Activity
Reproduce, exactly and in full, only the lines below from the one containing "Kit Cerveja Artesanal" through the one containing "Blane Sammie Slip-On".

Dataset entries

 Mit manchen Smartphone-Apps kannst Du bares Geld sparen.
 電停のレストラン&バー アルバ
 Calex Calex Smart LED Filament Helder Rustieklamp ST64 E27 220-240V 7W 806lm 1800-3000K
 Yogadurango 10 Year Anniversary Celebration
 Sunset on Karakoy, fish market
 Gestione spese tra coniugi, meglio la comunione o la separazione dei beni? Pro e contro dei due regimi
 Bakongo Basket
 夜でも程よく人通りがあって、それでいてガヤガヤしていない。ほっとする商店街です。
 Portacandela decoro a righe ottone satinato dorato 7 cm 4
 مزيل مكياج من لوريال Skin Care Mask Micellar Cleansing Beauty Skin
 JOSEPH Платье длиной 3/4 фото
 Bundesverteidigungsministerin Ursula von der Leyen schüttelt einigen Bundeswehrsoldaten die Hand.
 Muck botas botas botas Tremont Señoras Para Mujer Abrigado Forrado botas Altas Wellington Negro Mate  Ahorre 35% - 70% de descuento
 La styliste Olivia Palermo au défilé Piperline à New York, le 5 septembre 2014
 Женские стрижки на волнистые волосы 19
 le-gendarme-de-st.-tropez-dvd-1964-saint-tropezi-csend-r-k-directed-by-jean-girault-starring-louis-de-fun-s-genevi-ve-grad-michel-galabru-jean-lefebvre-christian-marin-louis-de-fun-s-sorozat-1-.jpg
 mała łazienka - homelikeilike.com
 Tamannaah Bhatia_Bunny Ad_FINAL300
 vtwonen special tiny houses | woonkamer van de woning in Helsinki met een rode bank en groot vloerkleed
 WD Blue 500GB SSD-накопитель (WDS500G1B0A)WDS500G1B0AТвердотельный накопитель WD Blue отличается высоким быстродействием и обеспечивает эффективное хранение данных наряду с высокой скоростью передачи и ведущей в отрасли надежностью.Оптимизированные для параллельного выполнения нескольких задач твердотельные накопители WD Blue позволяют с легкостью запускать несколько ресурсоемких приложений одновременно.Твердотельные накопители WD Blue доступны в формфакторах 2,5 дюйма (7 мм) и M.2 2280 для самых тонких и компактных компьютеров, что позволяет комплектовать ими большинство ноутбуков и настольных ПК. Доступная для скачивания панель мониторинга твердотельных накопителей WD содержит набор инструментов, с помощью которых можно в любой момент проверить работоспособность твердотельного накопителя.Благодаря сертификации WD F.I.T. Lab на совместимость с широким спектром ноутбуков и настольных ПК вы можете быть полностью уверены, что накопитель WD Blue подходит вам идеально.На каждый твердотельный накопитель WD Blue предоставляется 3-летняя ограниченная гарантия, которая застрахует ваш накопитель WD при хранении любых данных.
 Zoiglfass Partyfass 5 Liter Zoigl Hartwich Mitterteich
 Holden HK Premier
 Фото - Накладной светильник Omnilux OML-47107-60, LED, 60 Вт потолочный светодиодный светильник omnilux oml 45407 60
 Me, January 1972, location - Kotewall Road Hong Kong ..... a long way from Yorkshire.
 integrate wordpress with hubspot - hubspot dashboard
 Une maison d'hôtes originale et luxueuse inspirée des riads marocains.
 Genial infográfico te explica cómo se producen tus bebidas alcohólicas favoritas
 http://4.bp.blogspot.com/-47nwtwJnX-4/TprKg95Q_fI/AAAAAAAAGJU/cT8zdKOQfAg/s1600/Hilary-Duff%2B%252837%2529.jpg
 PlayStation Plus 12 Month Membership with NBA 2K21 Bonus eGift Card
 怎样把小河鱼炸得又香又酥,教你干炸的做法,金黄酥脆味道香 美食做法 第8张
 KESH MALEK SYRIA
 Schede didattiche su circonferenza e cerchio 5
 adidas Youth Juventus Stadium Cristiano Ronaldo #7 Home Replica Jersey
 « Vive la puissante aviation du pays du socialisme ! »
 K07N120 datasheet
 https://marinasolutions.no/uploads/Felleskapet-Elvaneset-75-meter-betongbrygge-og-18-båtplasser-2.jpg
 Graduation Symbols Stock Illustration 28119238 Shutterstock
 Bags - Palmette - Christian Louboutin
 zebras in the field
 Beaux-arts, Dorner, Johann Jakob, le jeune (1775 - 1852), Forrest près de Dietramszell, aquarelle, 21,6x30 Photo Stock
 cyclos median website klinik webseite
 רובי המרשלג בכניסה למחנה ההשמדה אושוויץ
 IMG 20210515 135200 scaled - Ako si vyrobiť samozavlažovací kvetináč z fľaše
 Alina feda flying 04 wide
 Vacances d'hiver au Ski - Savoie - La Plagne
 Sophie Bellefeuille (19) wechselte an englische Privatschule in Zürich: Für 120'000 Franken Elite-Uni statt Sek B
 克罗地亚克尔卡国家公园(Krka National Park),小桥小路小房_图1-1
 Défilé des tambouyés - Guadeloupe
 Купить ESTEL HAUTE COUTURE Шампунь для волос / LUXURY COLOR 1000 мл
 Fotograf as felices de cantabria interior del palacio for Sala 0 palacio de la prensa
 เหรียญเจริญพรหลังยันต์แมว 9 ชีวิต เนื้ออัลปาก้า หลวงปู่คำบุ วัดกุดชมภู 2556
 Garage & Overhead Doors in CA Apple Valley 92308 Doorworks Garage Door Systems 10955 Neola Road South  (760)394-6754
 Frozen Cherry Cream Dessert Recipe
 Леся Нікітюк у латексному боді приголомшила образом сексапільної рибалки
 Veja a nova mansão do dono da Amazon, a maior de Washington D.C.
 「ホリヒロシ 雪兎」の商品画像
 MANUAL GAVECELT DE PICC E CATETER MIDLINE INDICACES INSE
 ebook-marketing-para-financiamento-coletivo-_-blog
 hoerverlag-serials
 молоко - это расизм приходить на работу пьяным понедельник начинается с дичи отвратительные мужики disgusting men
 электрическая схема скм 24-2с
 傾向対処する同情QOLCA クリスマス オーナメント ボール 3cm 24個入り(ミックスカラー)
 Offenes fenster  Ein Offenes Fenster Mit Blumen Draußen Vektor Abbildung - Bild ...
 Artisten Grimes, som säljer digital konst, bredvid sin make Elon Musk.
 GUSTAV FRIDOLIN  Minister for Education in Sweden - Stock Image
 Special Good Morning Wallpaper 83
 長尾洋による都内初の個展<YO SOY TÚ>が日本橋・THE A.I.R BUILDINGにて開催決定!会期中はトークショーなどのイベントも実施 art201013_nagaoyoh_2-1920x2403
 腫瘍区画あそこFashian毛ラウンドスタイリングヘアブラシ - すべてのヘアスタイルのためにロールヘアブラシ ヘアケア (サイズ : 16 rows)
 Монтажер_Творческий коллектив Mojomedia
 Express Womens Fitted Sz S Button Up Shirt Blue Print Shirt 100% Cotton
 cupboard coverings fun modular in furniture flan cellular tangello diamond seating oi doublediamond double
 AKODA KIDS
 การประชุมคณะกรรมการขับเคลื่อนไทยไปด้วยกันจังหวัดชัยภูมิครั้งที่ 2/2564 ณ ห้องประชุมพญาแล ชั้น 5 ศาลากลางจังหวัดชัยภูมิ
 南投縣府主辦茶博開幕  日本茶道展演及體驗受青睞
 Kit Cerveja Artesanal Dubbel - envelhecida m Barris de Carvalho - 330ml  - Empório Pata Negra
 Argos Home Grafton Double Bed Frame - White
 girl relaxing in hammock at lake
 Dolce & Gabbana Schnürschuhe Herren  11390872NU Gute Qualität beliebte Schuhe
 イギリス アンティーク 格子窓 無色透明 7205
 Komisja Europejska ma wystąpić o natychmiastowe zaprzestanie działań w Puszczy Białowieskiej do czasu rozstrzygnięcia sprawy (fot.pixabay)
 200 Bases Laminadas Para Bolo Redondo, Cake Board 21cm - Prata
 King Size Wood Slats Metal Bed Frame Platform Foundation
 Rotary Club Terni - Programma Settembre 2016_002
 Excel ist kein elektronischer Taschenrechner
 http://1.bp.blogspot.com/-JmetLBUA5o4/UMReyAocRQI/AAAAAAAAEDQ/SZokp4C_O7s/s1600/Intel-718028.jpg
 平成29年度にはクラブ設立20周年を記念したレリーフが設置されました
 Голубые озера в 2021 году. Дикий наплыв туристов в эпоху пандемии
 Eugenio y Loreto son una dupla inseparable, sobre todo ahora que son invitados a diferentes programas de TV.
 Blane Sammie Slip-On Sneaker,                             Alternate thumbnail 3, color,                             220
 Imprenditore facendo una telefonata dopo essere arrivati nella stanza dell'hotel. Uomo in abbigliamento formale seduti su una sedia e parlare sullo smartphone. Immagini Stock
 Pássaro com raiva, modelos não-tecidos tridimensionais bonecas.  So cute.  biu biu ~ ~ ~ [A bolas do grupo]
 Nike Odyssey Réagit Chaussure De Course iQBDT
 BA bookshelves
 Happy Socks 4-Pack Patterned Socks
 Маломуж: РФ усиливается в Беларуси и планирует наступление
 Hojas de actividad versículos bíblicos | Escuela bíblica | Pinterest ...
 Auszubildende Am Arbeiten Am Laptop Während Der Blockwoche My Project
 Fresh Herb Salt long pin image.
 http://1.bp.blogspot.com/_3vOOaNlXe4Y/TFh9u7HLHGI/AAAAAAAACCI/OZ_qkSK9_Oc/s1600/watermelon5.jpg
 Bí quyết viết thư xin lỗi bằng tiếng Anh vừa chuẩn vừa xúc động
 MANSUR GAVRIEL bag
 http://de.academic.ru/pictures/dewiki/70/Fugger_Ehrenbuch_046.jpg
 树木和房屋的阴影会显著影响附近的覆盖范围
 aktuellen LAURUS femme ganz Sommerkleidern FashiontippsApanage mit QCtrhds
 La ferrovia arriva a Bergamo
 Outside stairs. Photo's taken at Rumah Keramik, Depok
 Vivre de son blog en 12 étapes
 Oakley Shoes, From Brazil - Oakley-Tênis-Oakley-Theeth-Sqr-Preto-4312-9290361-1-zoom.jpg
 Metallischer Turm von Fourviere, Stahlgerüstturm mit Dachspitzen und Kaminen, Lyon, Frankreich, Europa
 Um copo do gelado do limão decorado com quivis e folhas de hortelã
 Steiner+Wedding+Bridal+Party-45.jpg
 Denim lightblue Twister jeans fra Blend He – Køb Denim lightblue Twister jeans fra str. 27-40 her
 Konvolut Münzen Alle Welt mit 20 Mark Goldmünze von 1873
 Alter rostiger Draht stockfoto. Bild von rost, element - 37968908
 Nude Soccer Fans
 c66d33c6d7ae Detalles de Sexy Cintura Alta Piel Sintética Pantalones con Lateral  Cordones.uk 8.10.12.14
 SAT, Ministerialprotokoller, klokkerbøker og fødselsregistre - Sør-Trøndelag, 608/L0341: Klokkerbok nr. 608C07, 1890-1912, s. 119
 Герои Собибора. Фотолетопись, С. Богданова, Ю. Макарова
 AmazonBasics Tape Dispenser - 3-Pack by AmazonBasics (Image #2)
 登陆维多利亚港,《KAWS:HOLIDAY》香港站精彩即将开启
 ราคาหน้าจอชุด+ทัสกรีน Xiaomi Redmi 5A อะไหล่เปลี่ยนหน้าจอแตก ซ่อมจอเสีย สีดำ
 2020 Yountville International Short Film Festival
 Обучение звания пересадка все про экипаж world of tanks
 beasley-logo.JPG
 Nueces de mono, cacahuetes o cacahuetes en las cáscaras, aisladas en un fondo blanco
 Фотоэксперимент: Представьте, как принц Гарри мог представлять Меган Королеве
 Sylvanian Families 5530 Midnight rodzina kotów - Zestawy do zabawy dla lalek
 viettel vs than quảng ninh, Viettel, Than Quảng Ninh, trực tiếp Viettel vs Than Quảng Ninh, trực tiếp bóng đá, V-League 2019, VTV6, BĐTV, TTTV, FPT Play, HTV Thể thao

Solved problem
 Kit Cerveja Artesanal Dubbel - envelhecida m Barris de Carvalho - 330ml  - Empório Pata Negra
 Argos Home Grafton Double Bed Frame - White
 girl relaxing in hammock at lake
 Dolce & Gabbana Schnürschuhe Herren  11390872NU Gute Qualität beliebte Schuhe
 イギリス アンティーク 格子窓 無色透明 7205
 Komisja Europejska ma wystąpić o natychmiastowe zaprzestanie działań w Puszczy Białowieskiej do czasu rozstrzygnięcia sprawy (fot.pixabay)
 200 Bases Laminadas Para Bolo Redondo, Cake Board 21cm - Prata
 King Size Wood Slats Metal Bed Frame Platform Foundation
 Rotary Club Terni - Programma Settembre 2016_002
 Excel ist kein elektronischer Taschenrechner
 http://1.bp.blogspot.com/-JmetLBUA5o4/UMReyAocRQI/AAAAAAAAEDQ/SZokp4C_O7s/s1600/Intel-718028.jpg
 平成29年度にはクラブ設立20周年を記念したレリーフが設置されました
 Голубые озера в 2021 году. Дикий наплыв туристов в эпоху пандемии
 Eugenio y Loreto son una dupla inseparable, sobre todo ahora que son invitados a diferentes programas de TV.
 Blane Sammie Slip-On Sneaker,                             Alternate thumbnail 3, color,                             220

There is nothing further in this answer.